Data concepts enable the annotation of types of data, e.g. inputs and ouputs of tools. There are some categories of data (for structuring EDAM), and some common tool parameters, but mostly they correspond to specific data formats (see below), i.e. complex biological data. Note: a single type of data can be serialised in multiple data formats!

Identifier

“A label that identifies (typically uniquely) something such as data, a resource or a biological entity.”

e.g. “UniProt accession”, “EC number”, “Gene symbol”.

Identifier concepts enable the annotation of identifiers of data. There are some categories (for structuring EDAM), but mostly they correspond to specific data identifiers. Identifiers are typically simple strings and EDAM includes regular expressions defining valid string values. Identifiers are formally related in EDAM to Data concepts (see is_identifier_of).

Format

“A specific layout for encoding a specific type of data in a computer file or memory.”

e.g. “FASTA format”, “PDB format”, “mmCIF”.

Format concepts enable the annotation of specific data formats / syntaxes; some general purpose ones but mostly biological data formats.

To be included, a format must be in common use and formally specified or documented; EDAM includes links to these things. Formats are formally related in EDAM to Data concepts (see is_format_of).

Relations

Relation types

is_a

Defines a concept as a specialisation of another concept.

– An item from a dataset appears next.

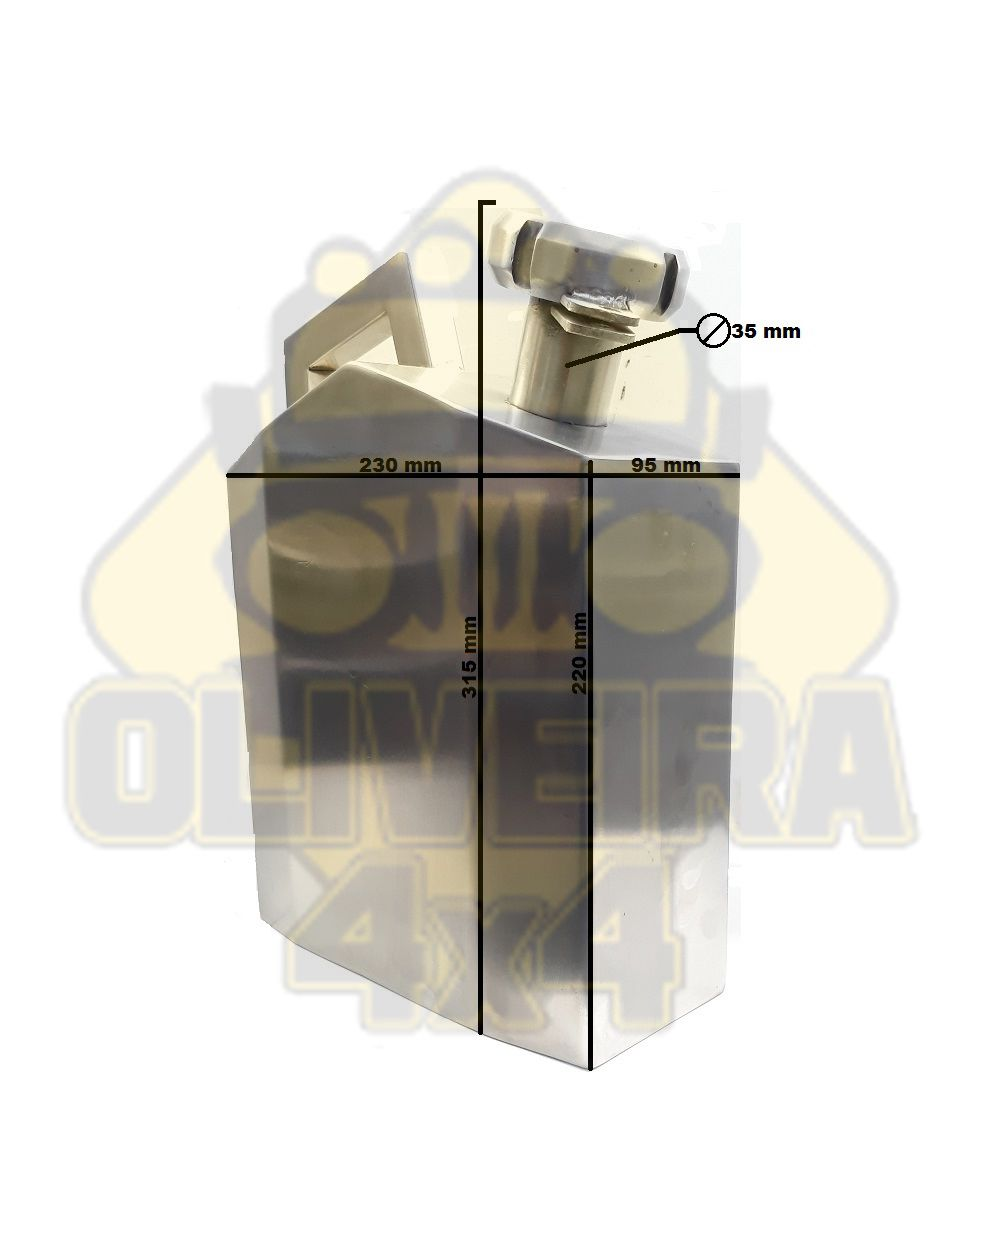 Galão Reservatório De Combustível Reserva 05 Litros Inox

If A is_a B, then A is a specialisation (child) of B, and B is a generalisation (parent) of A.

The is_a relation is transitive: if A is_a B and B is_a C then A is_a C.

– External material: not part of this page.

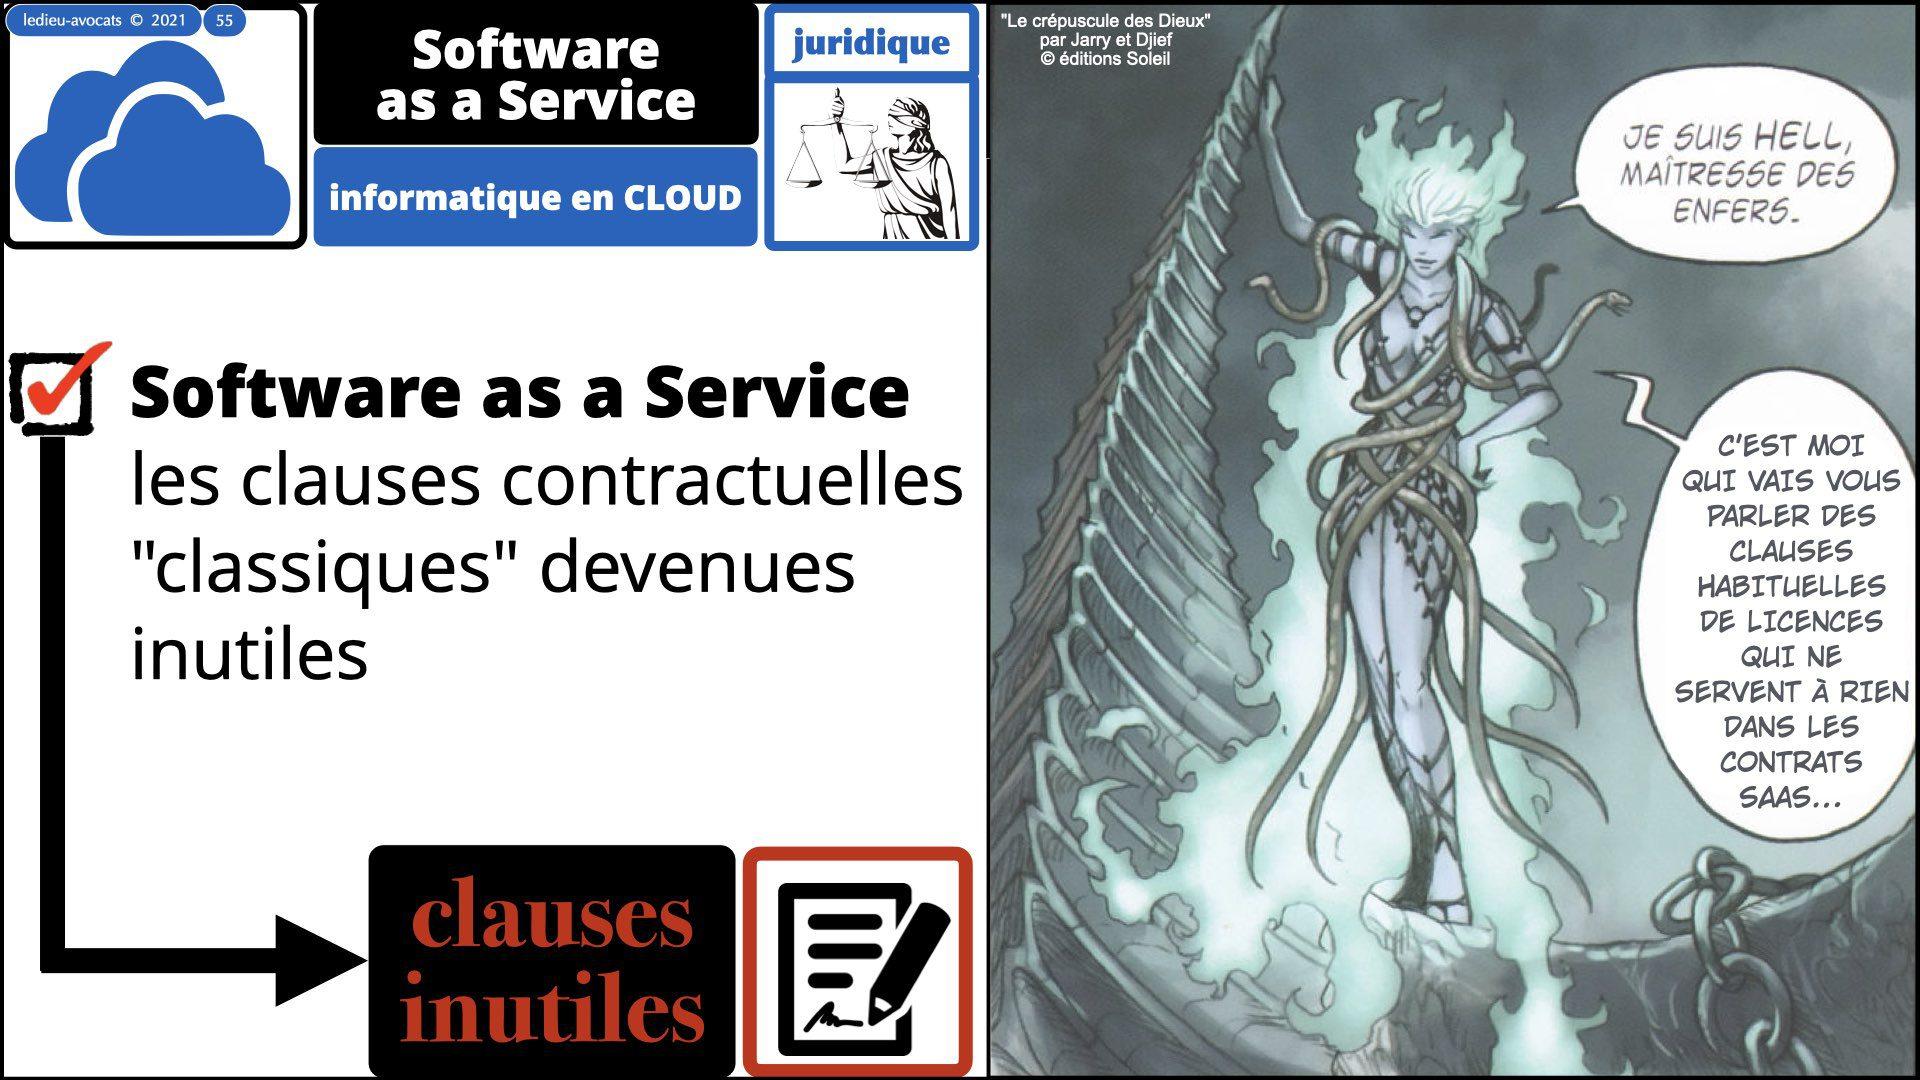 343 service LOGICIEL SaaS Software-as-a-Service cloud computing © Ledieu-Avocats technique droit numerique 30-08-2021.055

All relations are transitive over is_a: e.g. if A has_input B and B is_a C then A has_input C, and if A is_a B and B has_input C then A has_input C.

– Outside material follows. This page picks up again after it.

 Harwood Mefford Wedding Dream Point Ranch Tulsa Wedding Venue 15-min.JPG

e.g. “Pairwise sequence alignment” is_a “Sequence alignment”

has_input

Defines an Operation concept as reading (inputting) a Data concept.

e.g. “Sequence analysis” has_input “Sequence”

has_output

Defines an Operation concept as writing (outputting) a Data concept.

e.g. “Sequence alignment” has_output “Sequence alignment”

has_topic

Defines a Data or Operation concept as being within the scope of a Topic concept.

e.g. “Peptide identification” has_topic “Proteomics”

is_identifier_of

Defines that an Identifier concept identifies a Data concept.

e.g. “Sequence accession” is_identifier_of “Sequence”

is_format_of

Defines that a Format concept is the format of a Data concept.

e.g. “Sequence record format” is_format_of “Sequence record”

Rules

Rules define how concepts are related.

Rules by concept

Topic

  • Topic is_a Topic (specialisation of a topic)

Operation

  • Operation is_a Operation (specialisation of an operation)
  • Operation has_input Data (inputs a type of data)
  • Operation has_output Data (outputs a type of data)
  • Operation has_topic Topic (within a topic)

Data

  • Data is_a Data (specialisation of a type of data)
  • Data has_topic Topic (within a topic)

Format

  • Format is_a Format (specialisation of a data format)
  • Format is_format_of Data (a format specification of a data type)

Identifier

  • Identifier is_identifier_of Data (identifier of a data type)
Rules by relation

is_a

  • Topic is_a Topic
  • Operation is_a Operation
  • Data is_a Data
  • Format is_a Format

has_input

  • Operation has_input Data

has_output

  • Operation has_output Data

has_topic

  • Operation has_topic Topic
  • Data has_topic Topic

is_identifier_of

  • Identifier is_identifier_of Data

is_format_of

  • Format is_format_of Data

Concept types

EDAM concepts are defined internally (via <oboInOwl:inSubset>) as one of two types:

  • Placeholder concepts are high-level (conceptually broad), and used primarily to structure EDAM, providing placeholders for concrete concepts. They’re not intended to be used much, or at all, for annotation.
  • Concrete concepts are lower-level (conceptually more narrow) and are intended for annotation. All leaf nodes are concrete.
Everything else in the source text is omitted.